Start of RECORDS FOR THIS EXERCISE

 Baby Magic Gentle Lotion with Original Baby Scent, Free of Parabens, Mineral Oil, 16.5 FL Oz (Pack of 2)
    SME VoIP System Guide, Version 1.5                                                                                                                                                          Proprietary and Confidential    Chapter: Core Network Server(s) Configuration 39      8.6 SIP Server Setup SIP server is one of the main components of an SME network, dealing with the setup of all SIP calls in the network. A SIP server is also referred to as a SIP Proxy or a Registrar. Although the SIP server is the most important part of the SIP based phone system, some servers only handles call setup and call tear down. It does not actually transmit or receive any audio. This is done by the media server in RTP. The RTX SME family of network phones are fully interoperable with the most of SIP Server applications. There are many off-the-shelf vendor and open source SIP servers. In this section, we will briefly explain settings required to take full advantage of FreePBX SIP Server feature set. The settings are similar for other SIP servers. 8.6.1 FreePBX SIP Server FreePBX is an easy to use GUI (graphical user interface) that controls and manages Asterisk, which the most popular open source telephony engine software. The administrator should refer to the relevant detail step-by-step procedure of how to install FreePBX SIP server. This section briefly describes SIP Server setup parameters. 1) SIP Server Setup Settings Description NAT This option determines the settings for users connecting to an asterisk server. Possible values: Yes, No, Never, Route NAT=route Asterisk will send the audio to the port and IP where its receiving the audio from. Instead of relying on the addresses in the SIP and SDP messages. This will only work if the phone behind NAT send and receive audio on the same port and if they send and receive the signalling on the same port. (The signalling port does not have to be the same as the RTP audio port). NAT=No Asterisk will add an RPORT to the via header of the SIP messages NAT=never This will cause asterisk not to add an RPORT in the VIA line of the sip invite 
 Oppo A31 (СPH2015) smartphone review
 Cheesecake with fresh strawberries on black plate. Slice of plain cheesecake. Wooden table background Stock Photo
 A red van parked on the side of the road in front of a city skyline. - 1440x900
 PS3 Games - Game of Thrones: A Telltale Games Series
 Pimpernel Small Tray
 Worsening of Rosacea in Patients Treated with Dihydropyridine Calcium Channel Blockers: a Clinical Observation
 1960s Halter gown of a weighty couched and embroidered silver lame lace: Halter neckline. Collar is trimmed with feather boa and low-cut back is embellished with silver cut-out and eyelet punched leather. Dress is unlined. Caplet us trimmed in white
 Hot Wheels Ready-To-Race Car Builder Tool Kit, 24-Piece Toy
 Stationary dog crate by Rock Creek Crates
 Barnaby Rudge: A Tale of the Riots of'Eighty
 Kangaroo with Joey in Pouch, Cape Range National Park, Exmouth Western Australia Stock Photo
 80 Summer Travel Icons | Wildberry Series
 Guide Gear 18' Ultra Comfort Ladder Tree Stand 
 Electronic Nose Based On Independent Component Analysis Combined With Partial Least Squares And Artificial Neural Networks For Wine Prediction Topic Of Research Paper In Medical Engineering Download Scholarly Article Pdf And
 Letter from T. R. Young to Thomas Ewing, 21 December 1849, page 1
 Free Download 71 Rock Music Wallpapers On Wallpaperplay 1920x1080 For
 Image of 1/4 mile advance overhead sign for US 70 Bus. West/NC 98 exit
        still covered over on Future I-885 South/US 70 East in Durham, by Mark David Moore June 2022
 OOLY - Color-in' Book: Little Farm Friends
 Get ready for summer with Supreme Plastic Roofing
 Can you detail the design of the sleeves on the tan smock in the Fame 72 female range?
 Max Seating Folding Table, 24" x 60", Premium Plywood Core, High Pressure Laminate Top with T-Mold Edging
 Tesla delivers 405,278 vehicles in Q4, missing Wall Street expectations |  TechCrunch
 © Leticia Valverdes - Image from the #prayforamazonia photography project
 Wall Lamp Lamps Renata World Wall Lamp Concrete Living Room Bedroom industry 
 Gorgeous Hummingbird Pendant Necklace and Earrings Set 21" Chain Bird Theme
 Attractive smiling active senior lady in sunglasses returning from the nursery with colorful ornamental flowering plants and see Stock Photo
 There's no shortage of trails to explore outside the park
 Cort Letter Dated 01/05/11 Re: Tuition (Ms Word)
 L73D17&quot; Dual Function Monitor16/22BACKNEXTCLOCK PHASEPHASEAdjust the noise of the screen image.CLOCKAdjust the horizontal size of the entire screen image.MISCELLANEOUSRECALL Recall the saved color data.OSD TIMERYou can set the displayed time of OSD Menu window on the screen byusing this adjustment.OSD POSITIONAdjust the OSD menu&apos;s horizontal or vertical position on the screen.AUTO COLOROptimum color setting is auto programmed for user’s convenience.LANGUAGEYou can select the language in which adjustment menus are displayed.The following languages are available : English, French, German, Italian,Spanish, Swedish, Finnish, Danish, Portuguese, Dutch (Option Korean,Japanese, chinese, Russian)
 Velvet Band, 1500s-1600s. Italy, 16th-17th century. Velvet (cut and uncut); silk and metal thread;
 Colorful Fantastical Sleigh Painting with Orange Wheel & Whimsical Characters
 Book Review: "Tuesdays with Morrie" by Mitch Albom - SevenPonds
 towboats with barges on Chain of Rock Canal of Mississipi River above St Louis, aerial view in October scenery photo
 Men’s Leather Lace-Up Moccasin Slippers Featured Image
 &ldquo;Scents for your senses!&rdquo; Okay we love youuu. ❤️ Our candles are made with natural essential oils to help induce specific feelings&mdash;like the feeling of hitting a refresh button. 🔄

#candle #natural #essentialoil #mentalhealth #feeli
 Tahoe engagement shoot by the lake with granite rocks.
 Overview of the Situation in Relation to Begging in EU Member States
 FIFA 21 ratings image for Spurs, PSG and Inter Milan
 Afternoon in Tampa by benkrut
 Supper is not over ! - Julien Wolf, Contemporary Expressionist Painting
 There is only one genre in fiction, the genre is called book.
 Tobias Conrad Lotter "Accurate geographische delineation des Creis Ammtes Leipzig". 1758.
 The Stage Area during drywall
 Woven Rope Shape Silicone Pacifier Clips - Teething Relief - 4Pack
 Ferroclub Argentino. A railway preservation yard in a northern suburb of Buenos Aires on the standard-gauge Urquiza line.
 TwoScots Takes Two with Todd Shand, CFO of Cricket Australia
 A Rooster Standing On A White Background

End of RECORDS FOR THIS EXERCISE

## WORK REQUEST
Report all lines above with "Series".

## ANSWER SPACE
 PS3 Games - Game of Thrones: A Telltale Games Series
 80 Summer Travel Icons | Wildberry Series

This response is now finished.